What the exercise asks —
Take the line that contains "Illustration in a" and each line after it to the end of the material below, and return them exactly, minus the pictures.

Provided material —
···
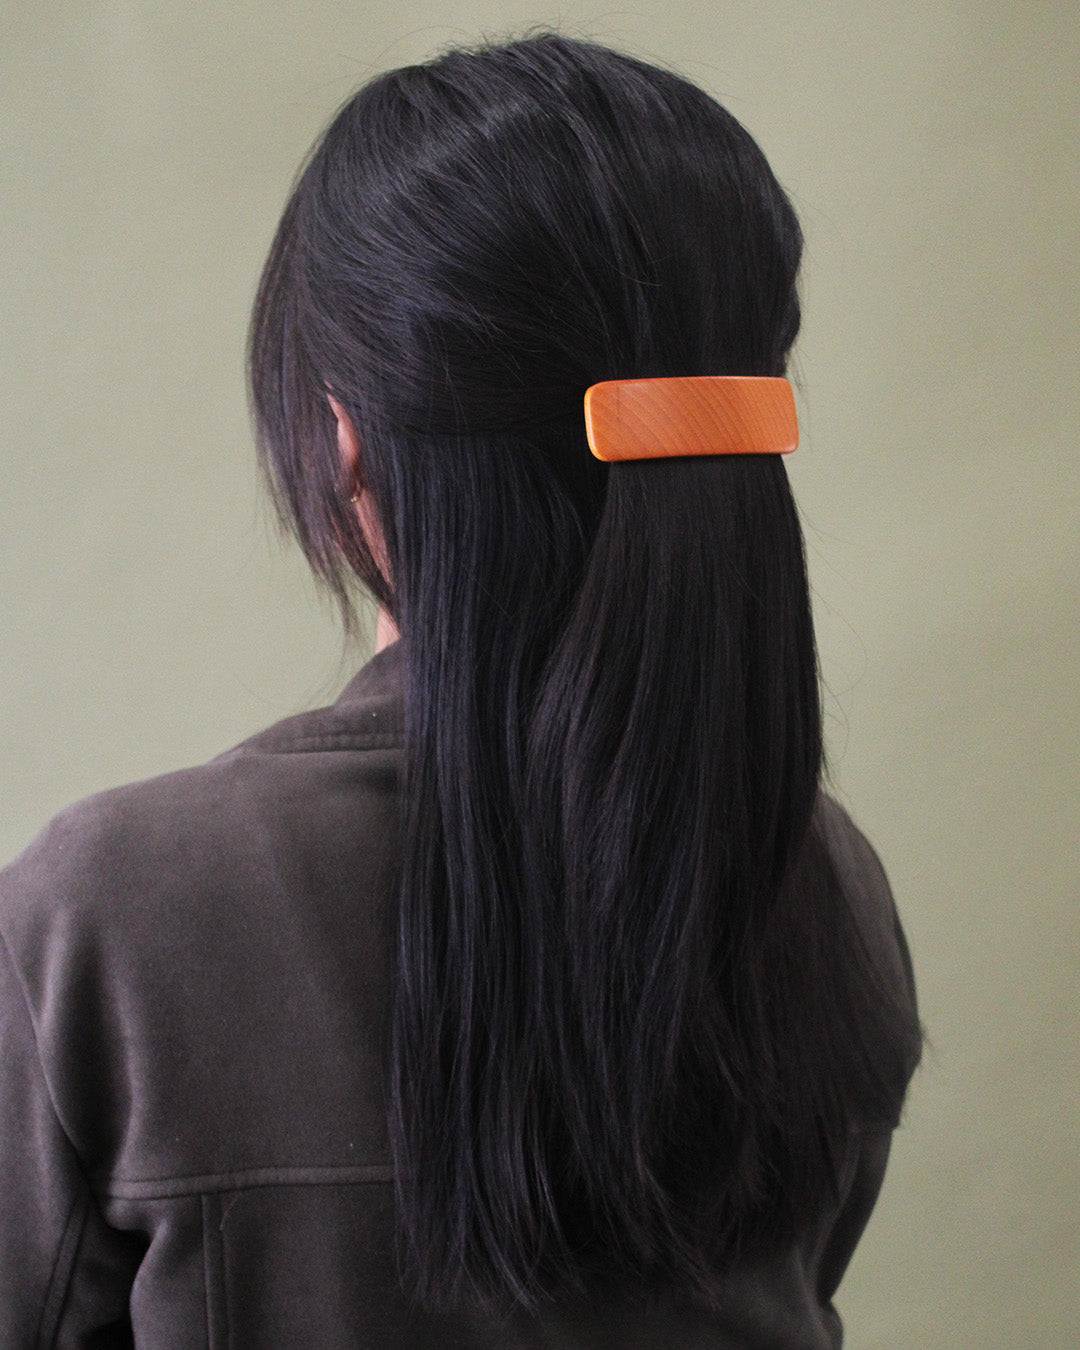 person with long black hair wearing it half up clipped with a brown wooden clip.
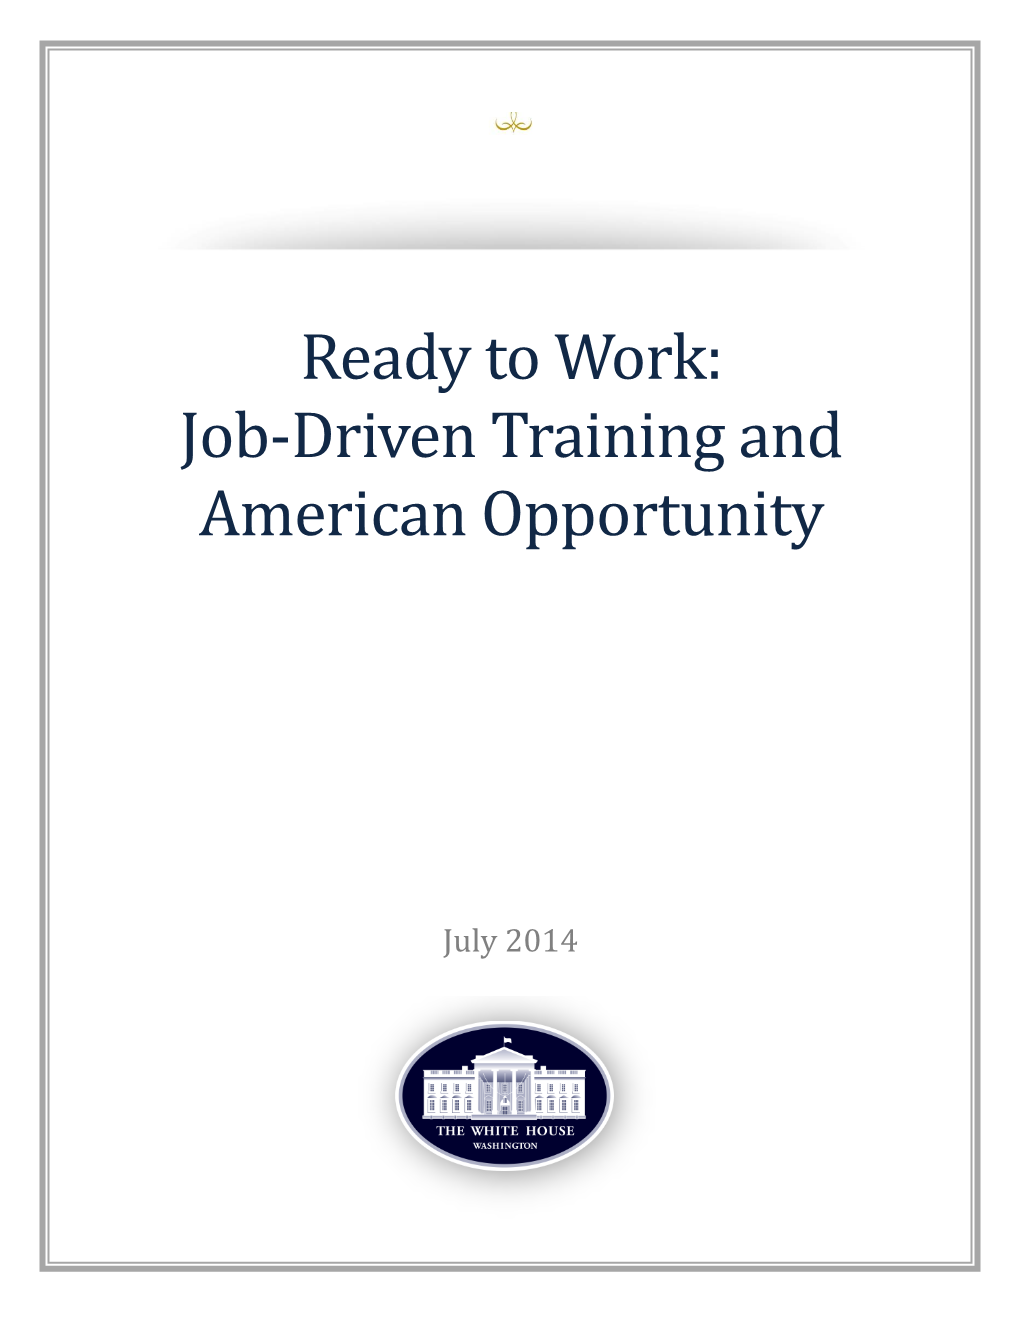 Job-Driven Training and American Opportunity
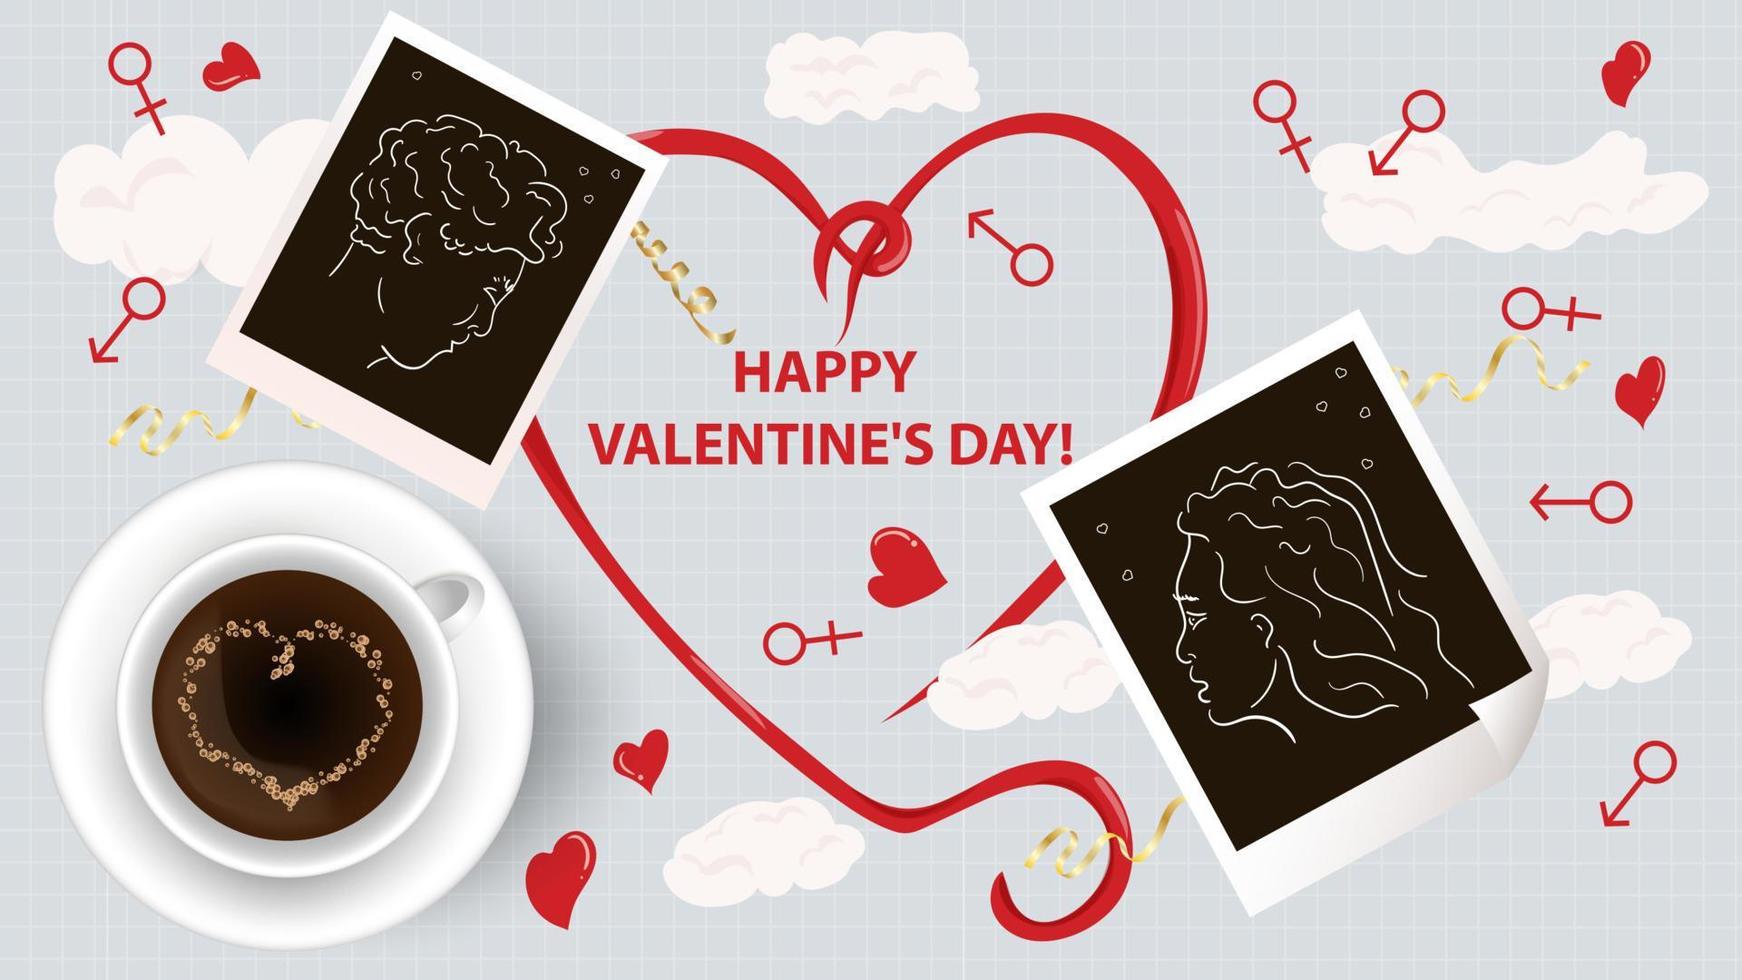 Illustration in a flat style for the Valentines Day holiday two photos and in the middle a heart with curls next to a cup on a saucer background a notebook sheet in a cage vector
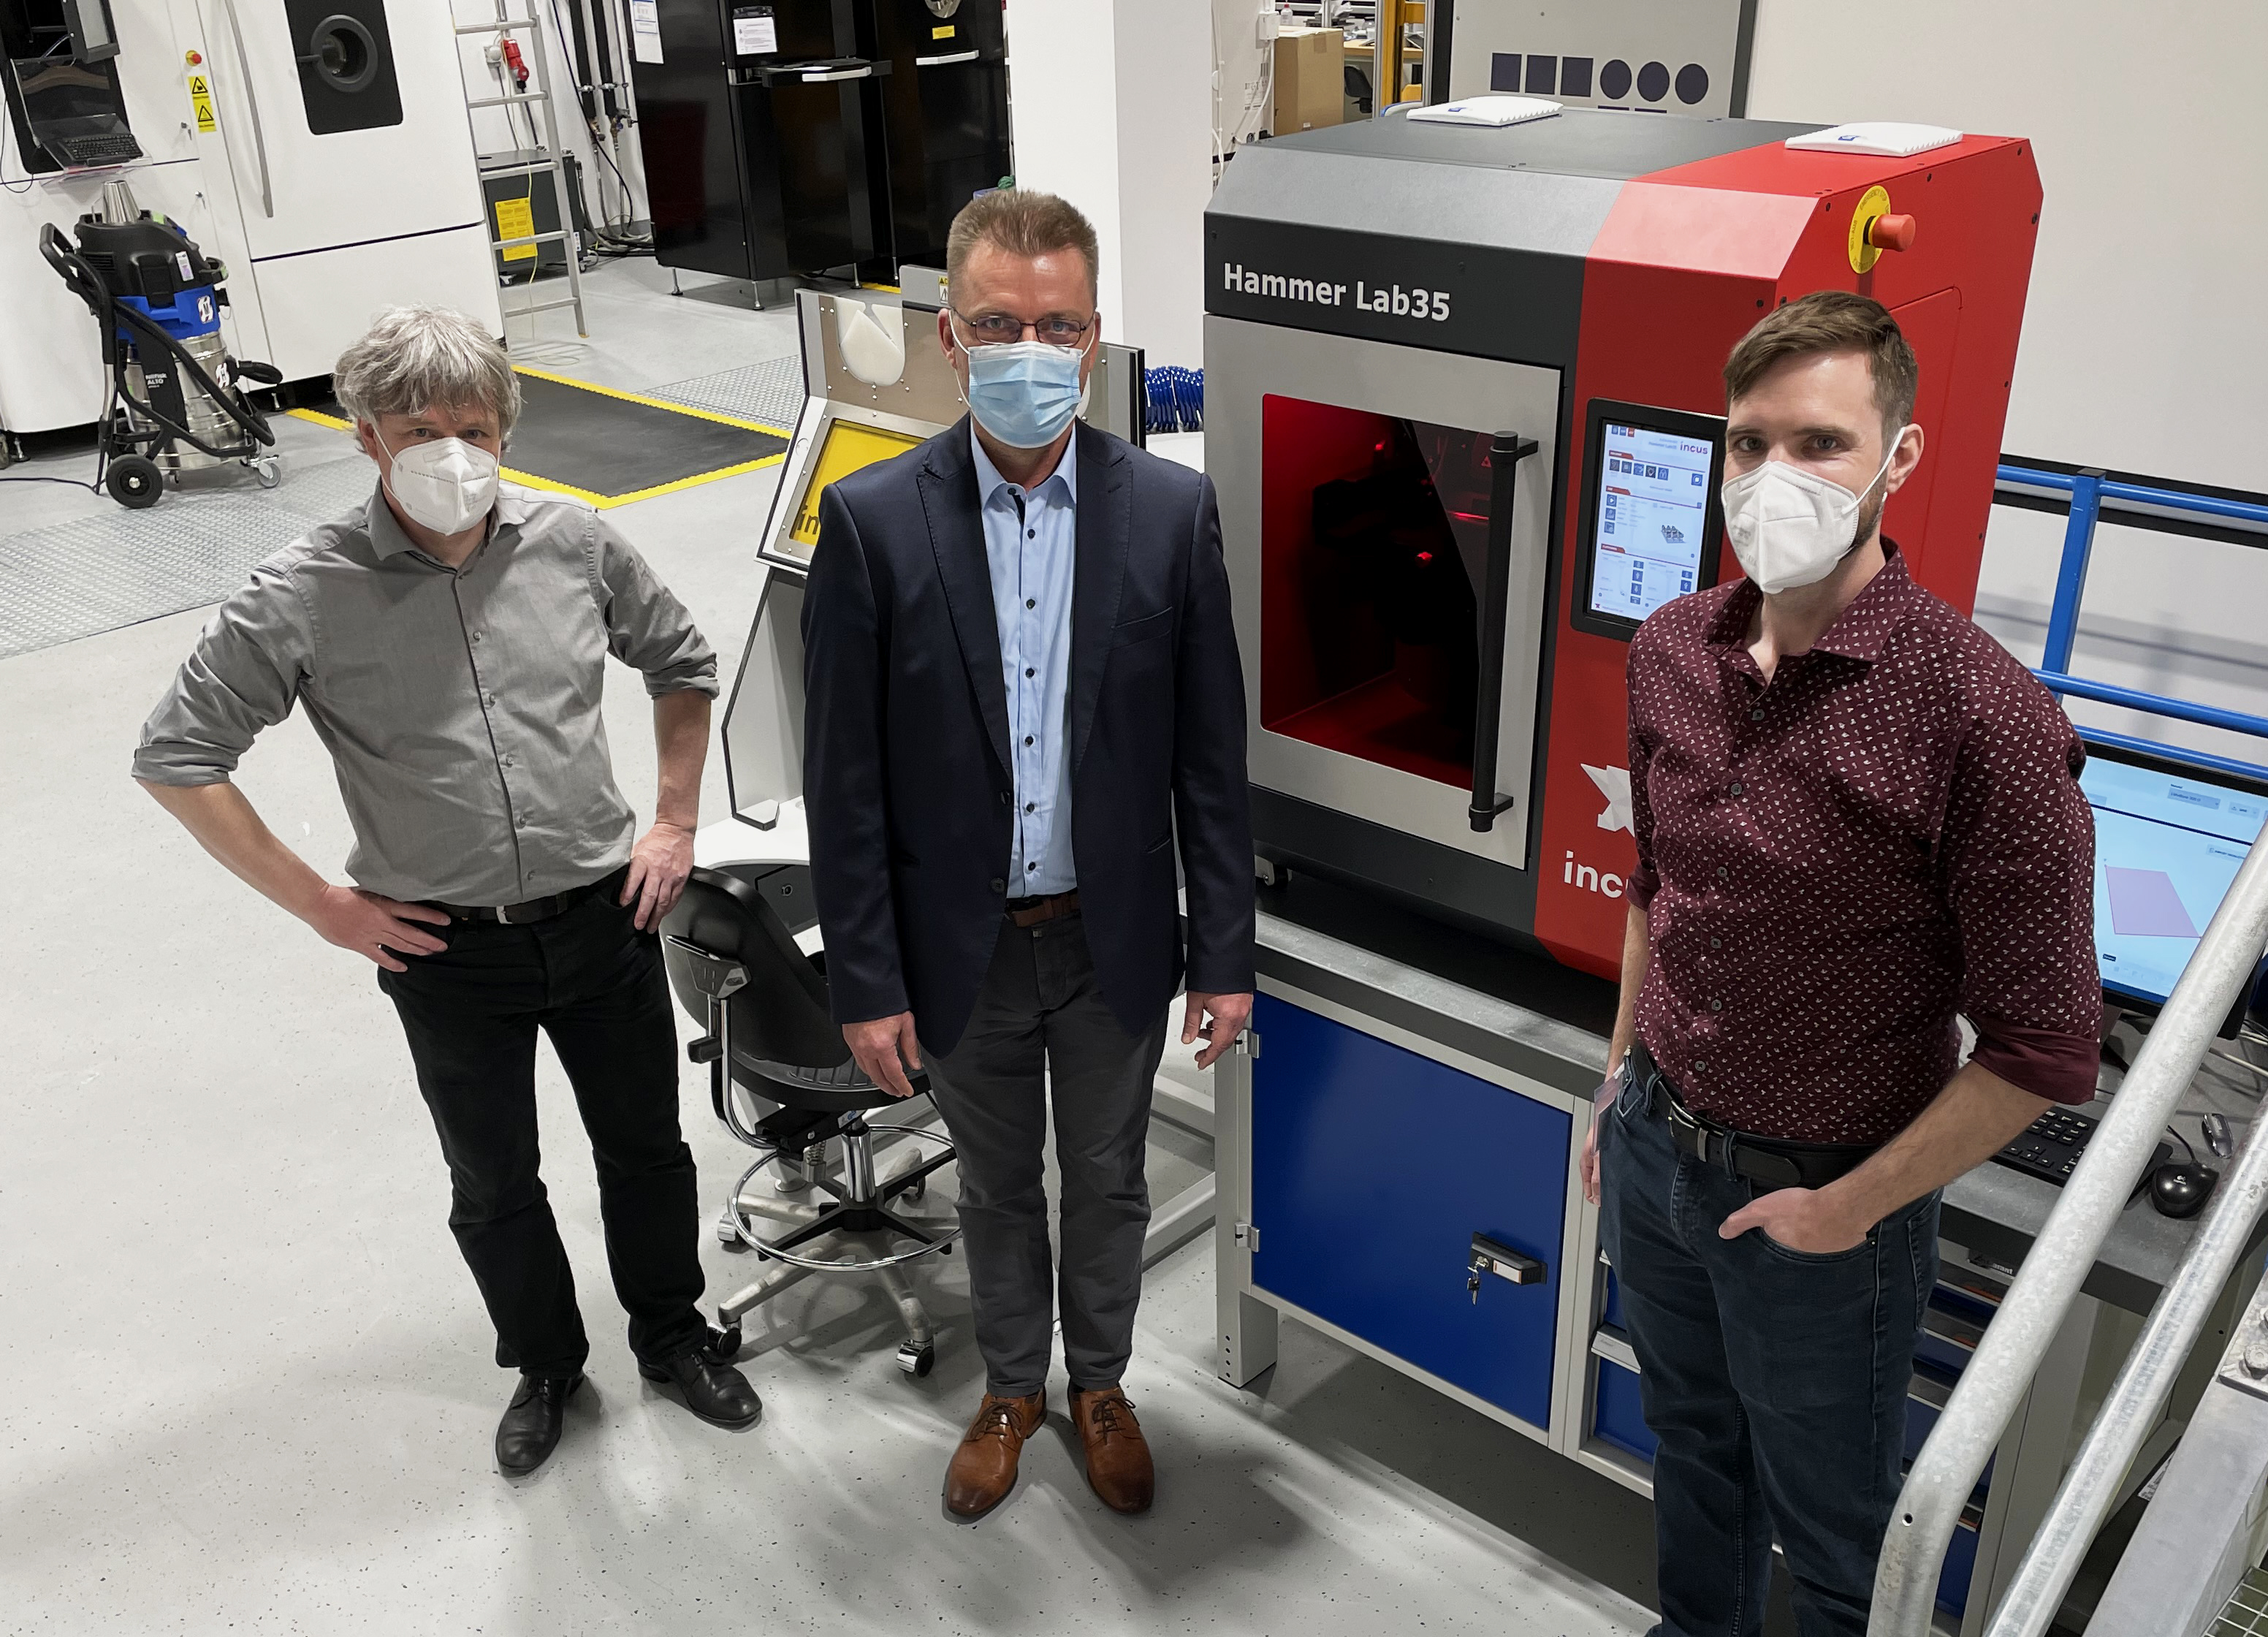 Dr. Thomas Studnitzky, group manager 3D Metal Printing, Dr. Thomas Weißgärber,  prov. director Fraunhofer IFAM Dresden, Dr. Gerald Mitteramskogler, CEO Incus GmbH, during the commissioning of the new LMM system at ICAM®.
···
Solved problem —
 Illustration in a flat style for the Valentines Day holiday two photos and in the middle a heart with curls next to a cup on a saucer background a notebook sheet in a cage vector
 Dr. Thomas Studnitzky, group manager 3D Metal Printing, Dr. Thomas Weißgärber,  prov. director Fraunhofer IFAM Dresden, Dr. Gerald Mitteramskogler, CEO Incus GmbH, during the commissioning of the new LMM system at ICAM®.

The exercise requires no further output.